Raghavendra Bapineedu, the grandfather of Aditya, is a top-tier region member. On his 80th birthday, his conjoined extended family arrives from abroad, and they spend a jollity time. During their return, a hazardous blast happens in the house because of the misfortune of Sai Krishna's accident. Today, Aditya is left alone, protected by an omnipotent bracelet bestowed by his grandfather, so he has no interest in life. Listening to it, Sai Krishna regrets, and Indu's faithful adoration flourishes on Aditya. All at once, Aditya disappears when Viswanath says that it's exactly one year since his family died. Hence, he has gone to their village to conduct their ceremony. Aditya holds the pain, closes the event, and collapses at his ruined house to leave his breath.

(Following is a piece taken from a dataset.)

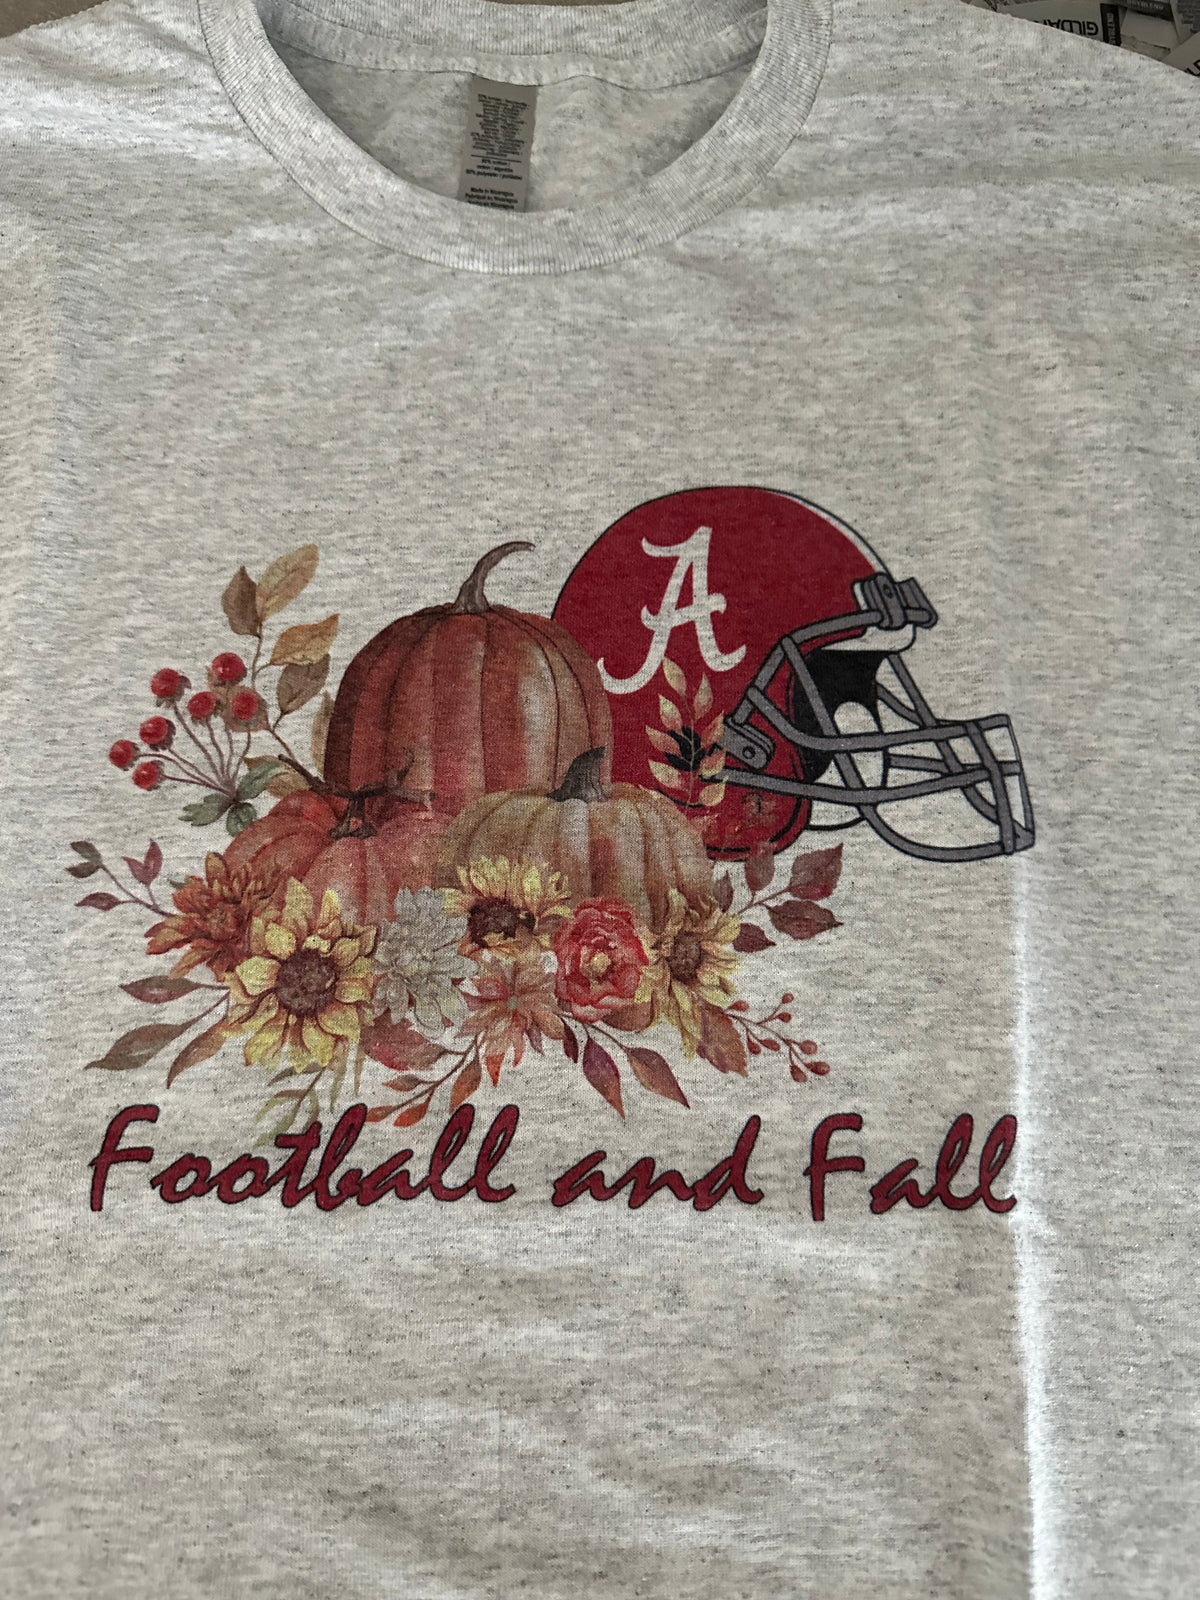 Bama Football and Fall Graphic Top

Besides, the soothsayer questioned whether the horoscope became real. Then, he proclaims that he has knitted the two as they are footing each other. At this juncture, Indu's willpower is his strength to survive. Concurrently, Indu gets to Aditya, and Madhu enters the scene, colluding with Muni Swamy, where she learns his actual shade. Thus, Indu comprehends the right of their plight in her lying dying. In this light, she attempts suicide. At last, Aditya wakes up, ceases the baddies, and secures Indu. Finally, the movie ends on a happy note with the uniting of Aditya & Indu.

== Cast ==

- Nandamuri Balakrishna as Aditya
- Priyamani as Indu
- Deepak as Madhu
- Brahmanandam as JB Jan / Jana Bethedu Janardhan
- M. Balayya as Aditya's grandfather
- Pradeep Rawat
- Giri Babu
- Chandra Mohan
- Ahuti Prasad
- Chalapathi Rao
- Krishna Bhagawan
- Raghu Babu
- Srinivasa Reddy
- Surekha Vani
- Hema
- Dharmavarapu Subramanyam
- Rallapalli
- Ranganath
- Srilalitha as Takhali
- Kuchuri Rachana Moiurya
- Sandhya Jalak
- Giridhar
- Rama Chandra
- Vasu Inturi
- Sana
- Pragathi
- Rajitha
- Baby Annie as Adhitya's sister-in-law
- Madhavi

== Soundtrack ==

Music composed by Mani Sharma. Music released on Lahari Music Company.

Track-List
| No. | Title | Lyrics | Singer(s) | Length |
|---|---|---|---|---|
| 1. | "Thellavarithey" | Vennelakanti | Rahul Nambiar, Hemachandra, Sravana Bhargavi | 4:58 |
| 2. | "By Birthe" | Anantha Sriram | Shreya Ghoshal | 4:00 |
| 3. | "Dont Touch Me" | Anantha Sriram | Ranjith, Chitra | 4:43 |
| 4. | "Jhummandi Vallantha" | Oruganti | Karthik, Sujatha | 3:59 |
| 5. | "Priyamani" | Veturi | S. P. Balasubrahmanyam, Saindhavi | 4:24 |
| 6. | "Akasam Nunchi" | Vennelakanti | Vijay Yesudas, Kousalya | 4:30 |
| Total length: |  |  |  | 26:36 |

== Release ==
The film met with negative reviews from critics.